I never trust the opinion of a single LLM model anymore - especially for more complex projects. I have seen Claude guarantee something is correct and then immediately apologize when I feed a critical review by Codex or Gemini. And, many times, the issues are not minor but are significant critical oversights by Claude.

My habit now: always get a 2nd or 3rd opinion before assuming one LLM is correct.

▲

kaydub 8 hours ago | parent | next [-]

Happy to see someone else doing this.

All code written by an LLM is reviewed by an additional LLM. Then I verify that review and get one of the agents to iterate on everything.

▲

rtp4me 8 hours ago | parent [-]

Agreed. From my experience, Claude is the top-level coder, Gemini is the architect, and Codex is really good at finding bugs and logic errors. In fact, Codex seems to perform better deep analysis than the other two.

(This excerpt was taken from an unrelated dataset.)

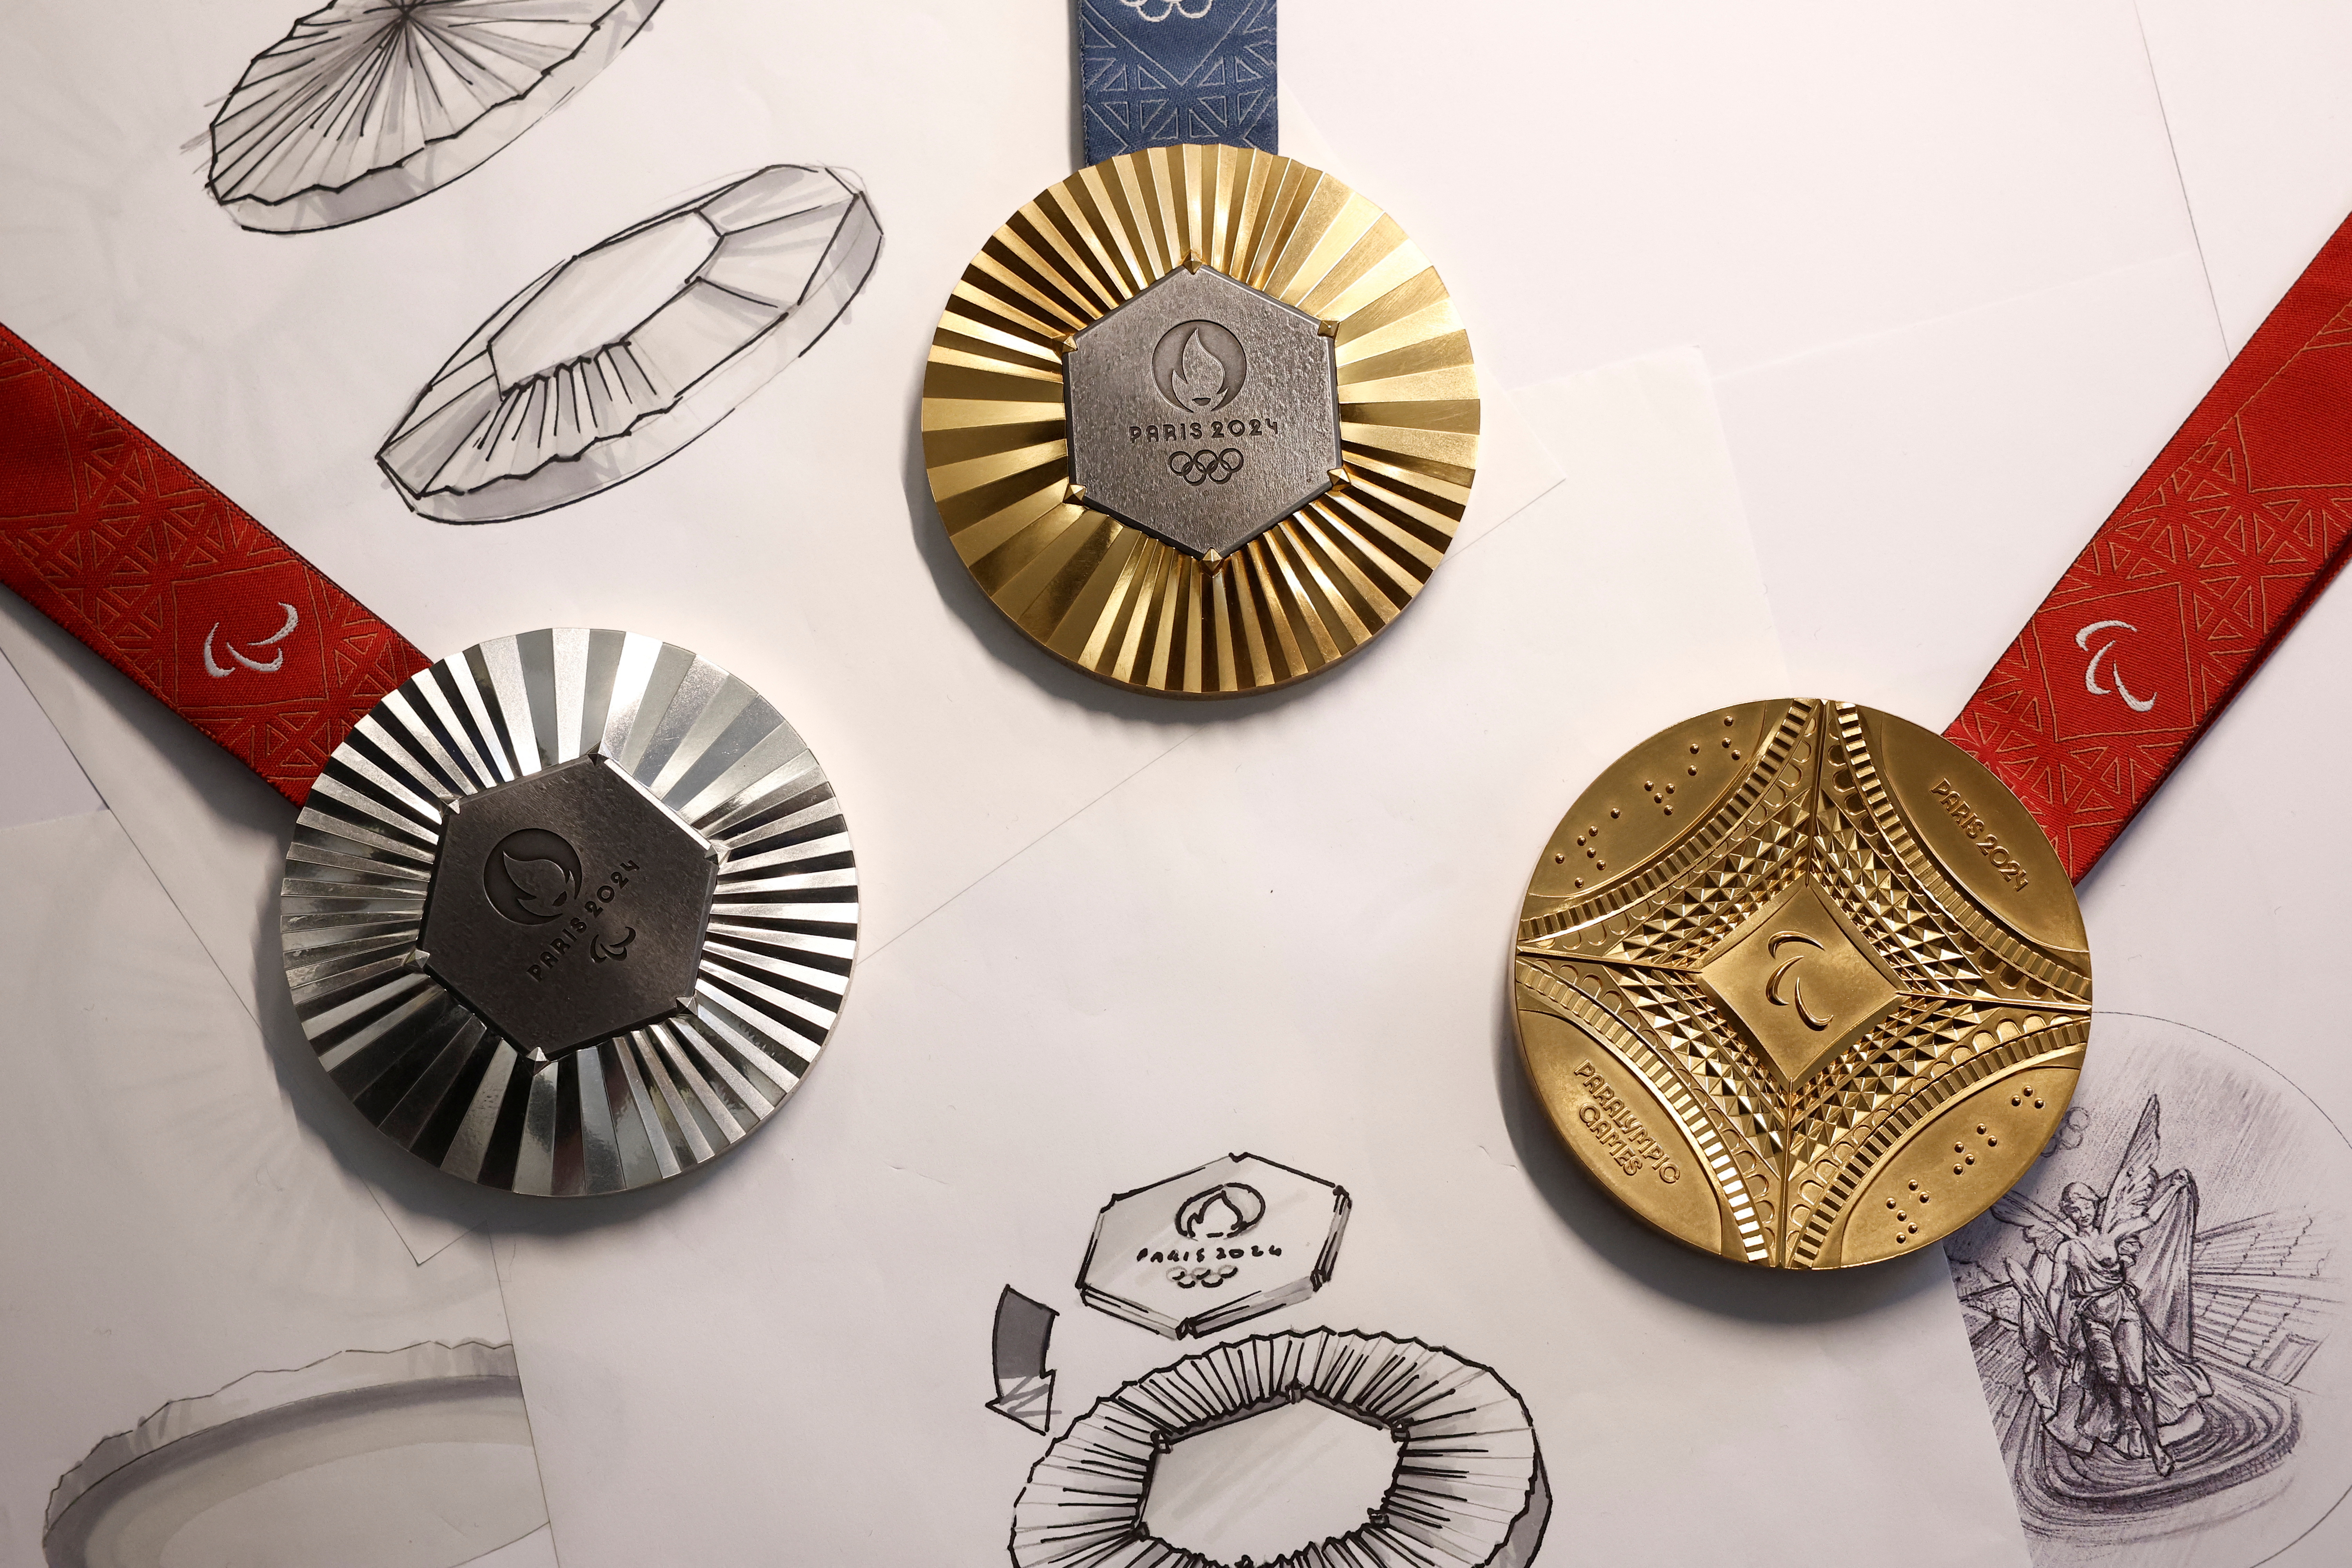 パリ五輪、メダルのデザイン発表 エッフェル塔の鉄を使用 | ロイター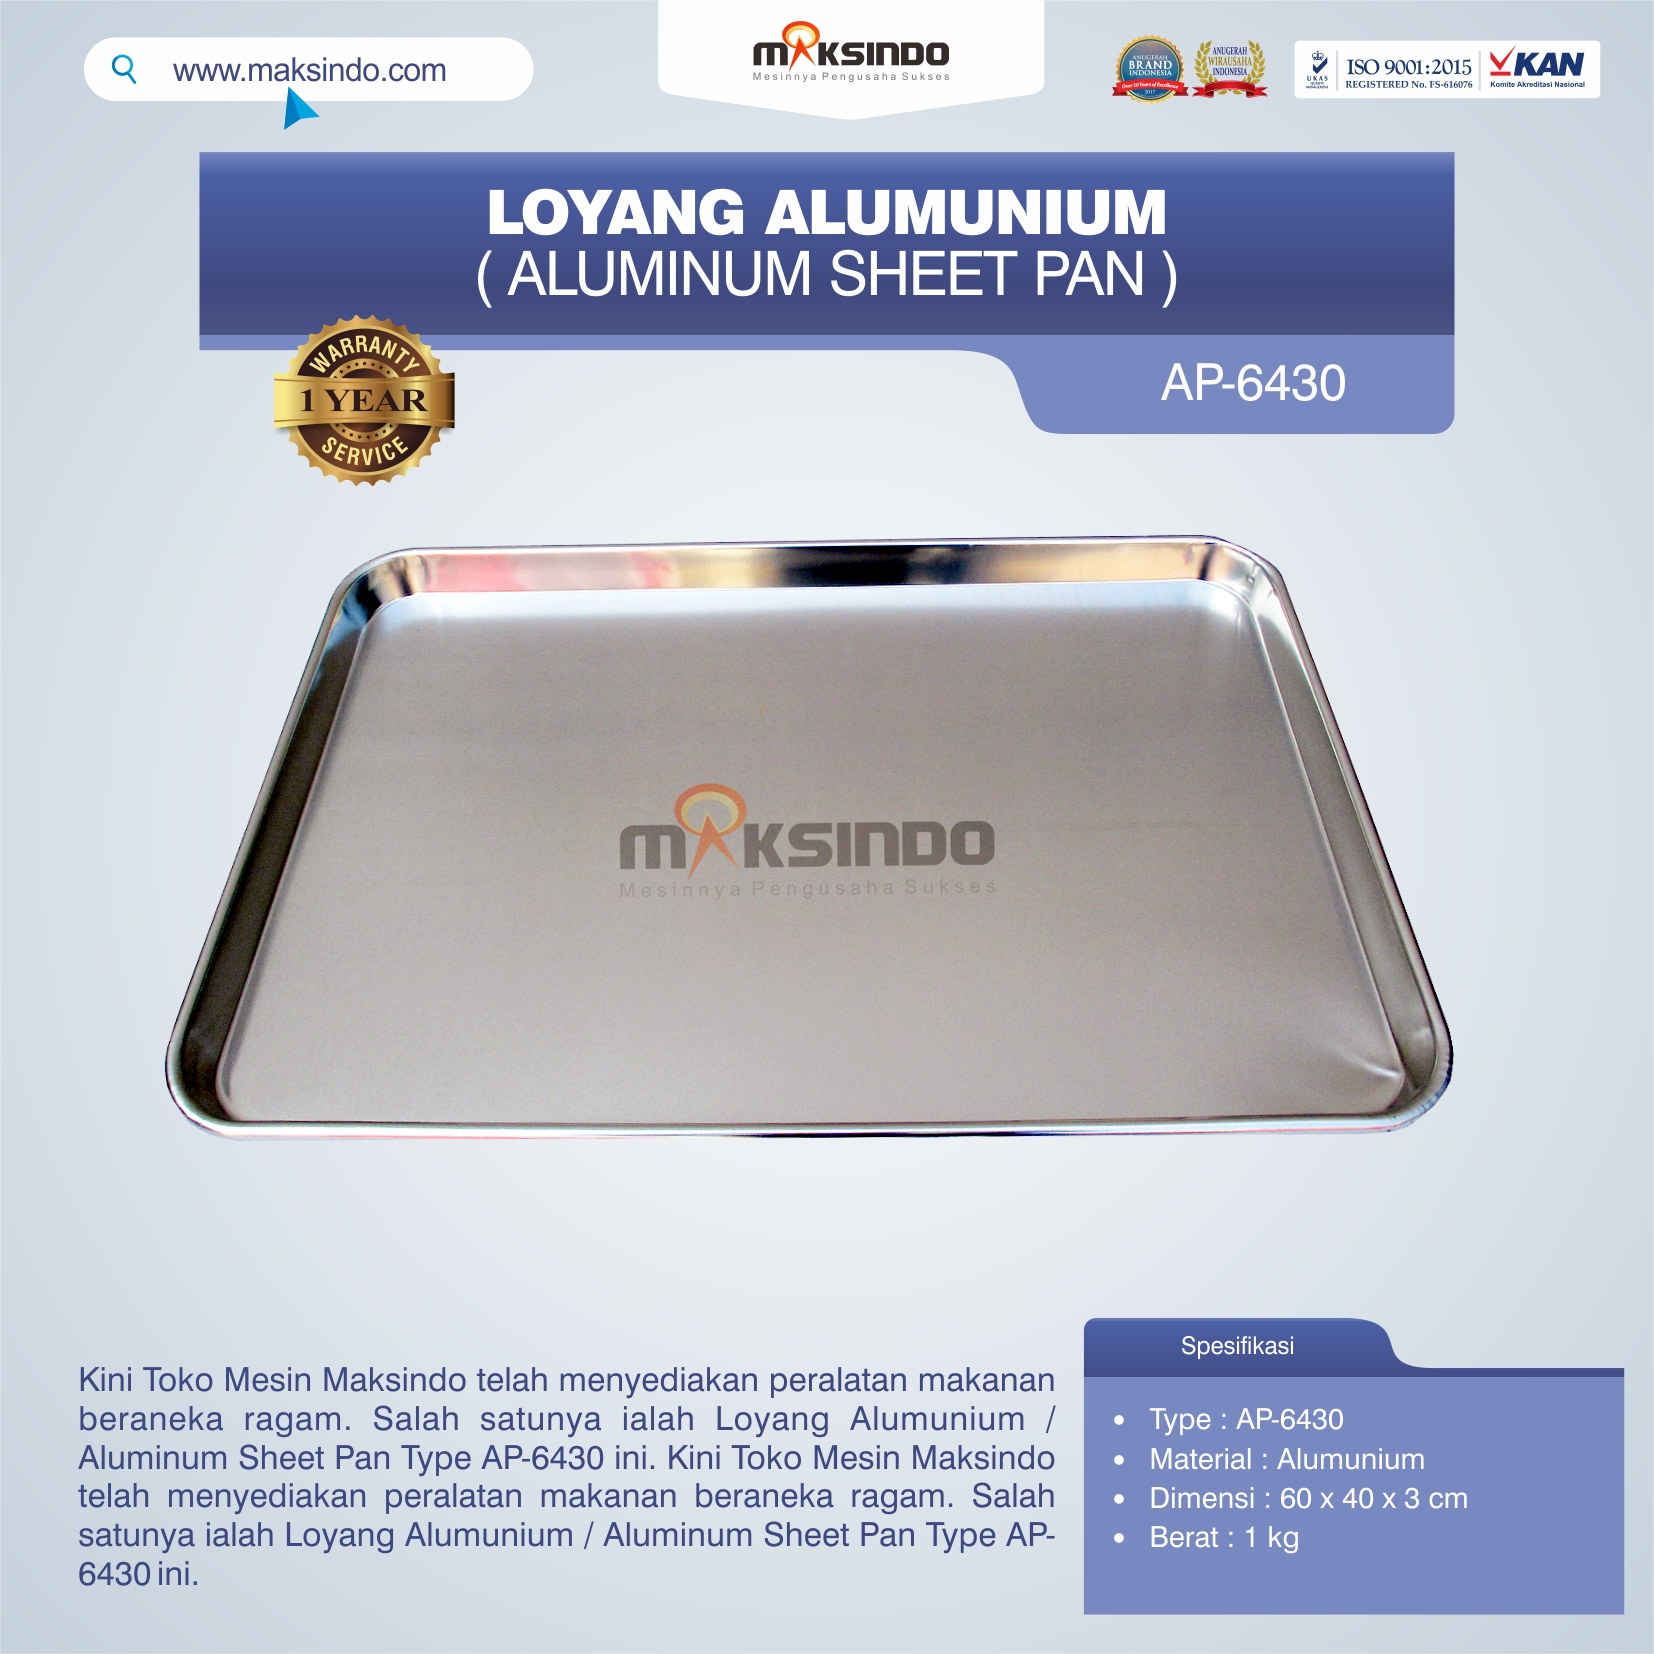 Jual Loyang Alumunium / Aluminum Sheet Pan Type AP-6430 di Yogyakarta

	▲	kaydub 7 hours ago \| parent [-]
		I just round robin them until I run out on whatever subscription level I'm on. I only use claude api, so I pay per token there... I consider using claude as "bringing out the big guns" because I also think it's the top-level coder.

▲

ozten 10 hours ago | parent | prev [-]

It doesn’t have to be different foundation models. As long as the temperature is up, as the same model 100 times.